### TASK ITEM
A faithful transcript of all the lines below, with no pictures, is the goal here.

### INFORMATION SHOWN
====================

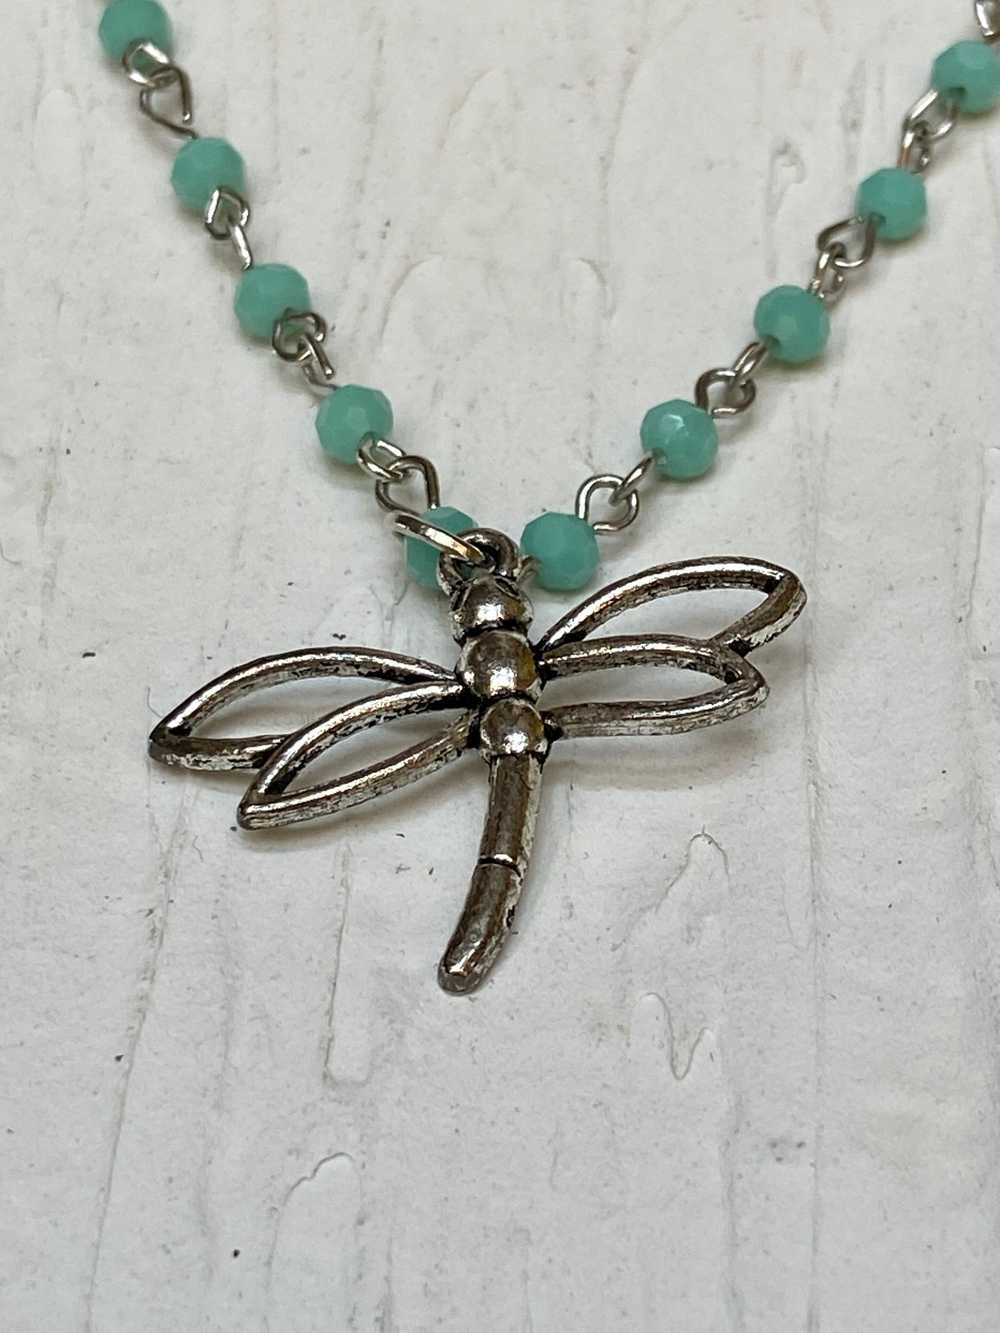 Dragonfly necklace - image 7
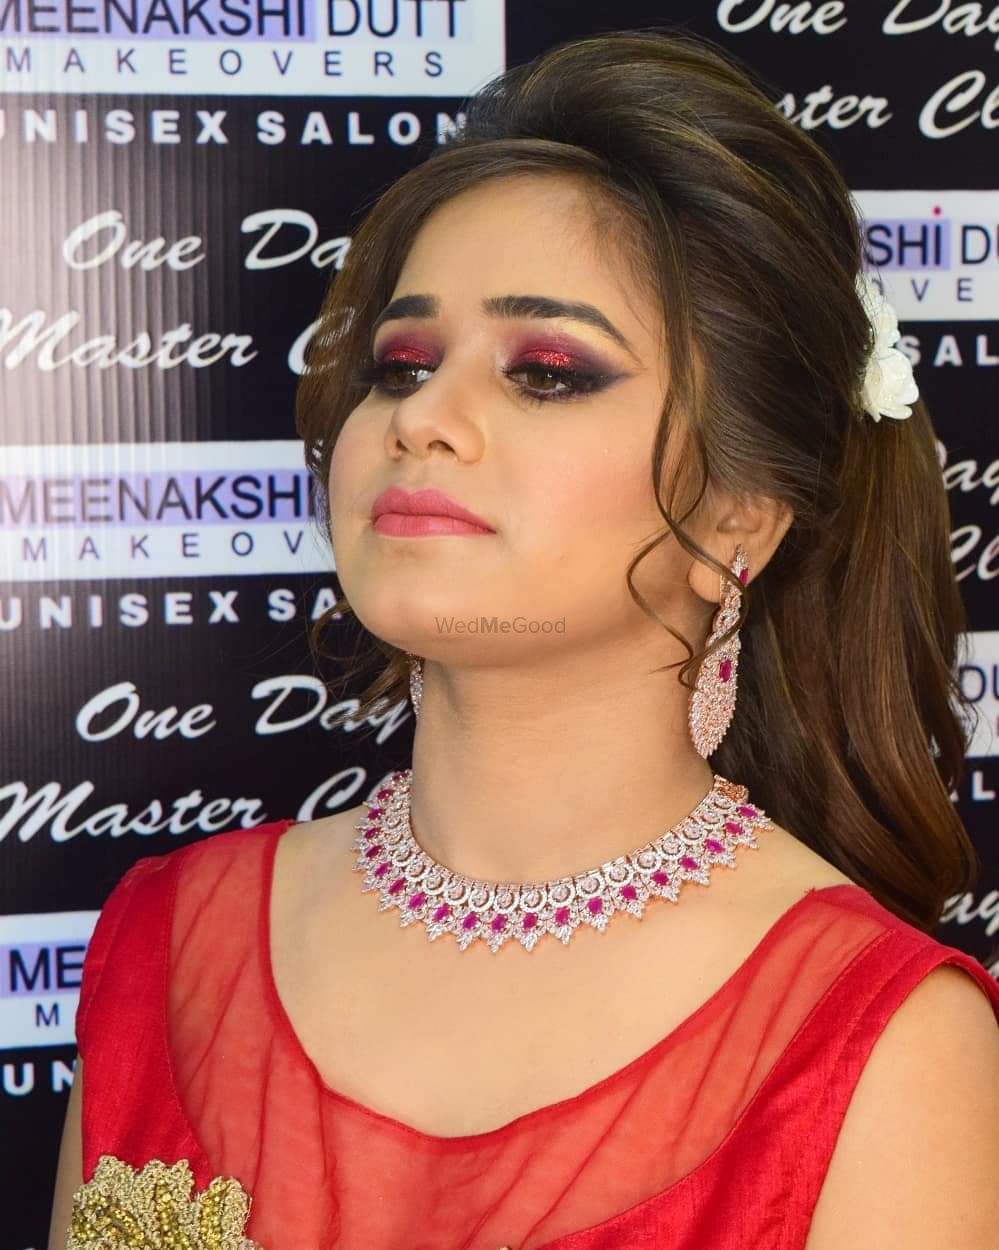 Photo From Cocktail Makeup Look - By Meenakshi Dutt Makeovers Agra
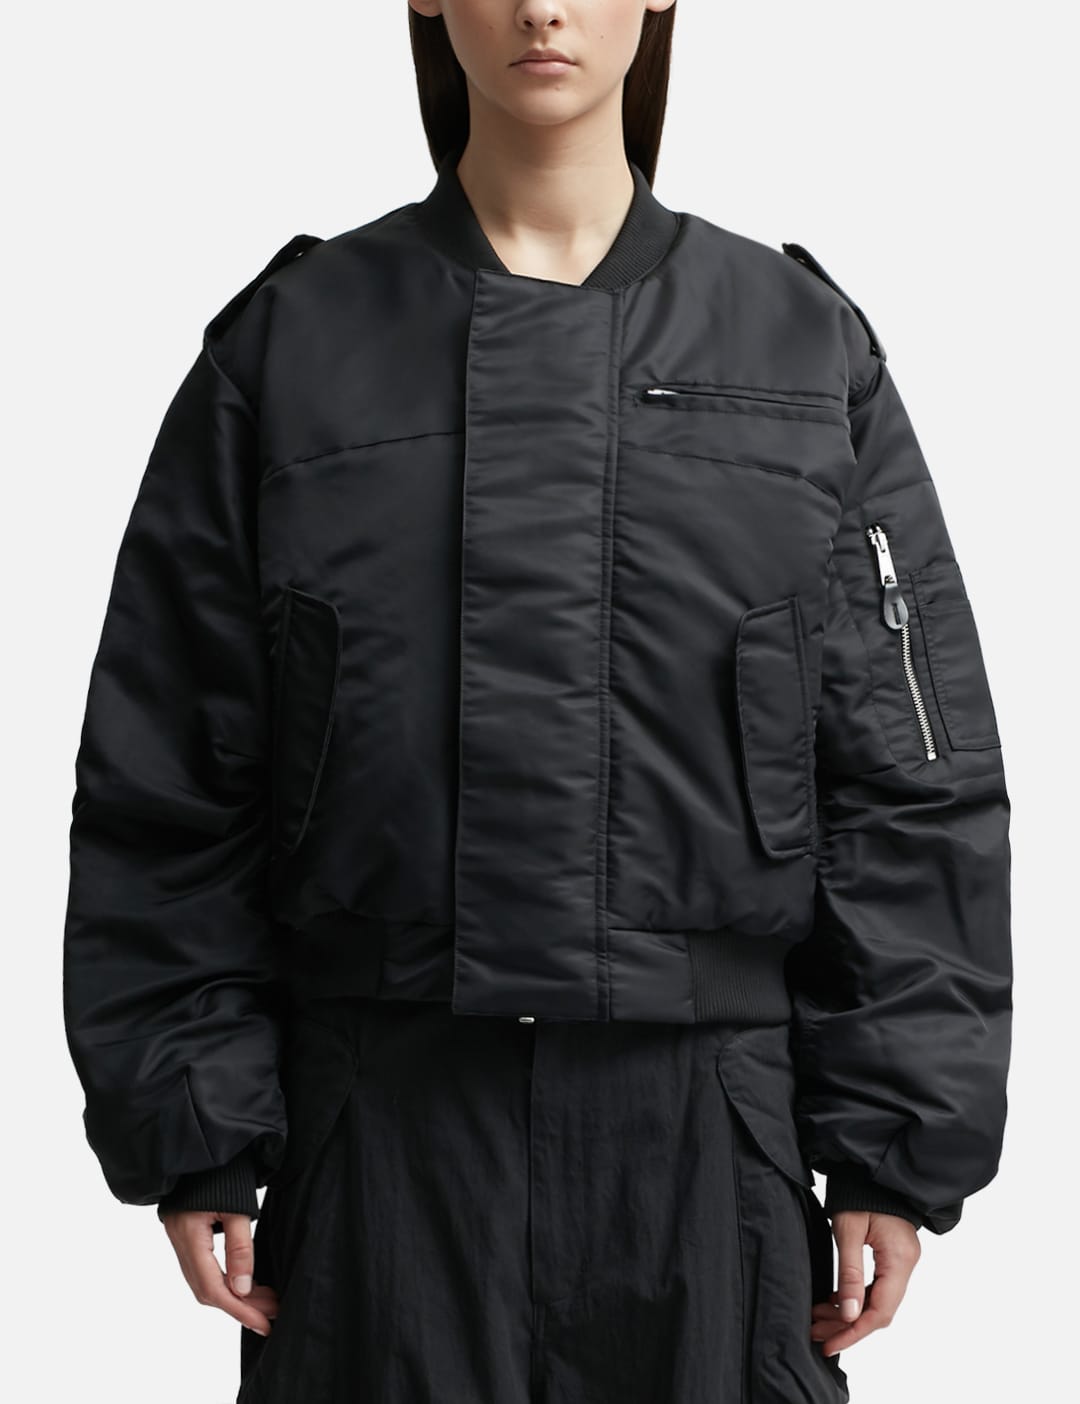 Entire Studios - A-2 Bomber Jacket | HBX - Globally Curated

====================

### FINISHED EXERCISE
 Dragonfly necklace - image 7
 Photo From Cocktail Makeup Look - By Meenakshi Dutt Makeovers Agra
 Entire Studios - A-2 Bomber Jacket | HBX - Globally Curated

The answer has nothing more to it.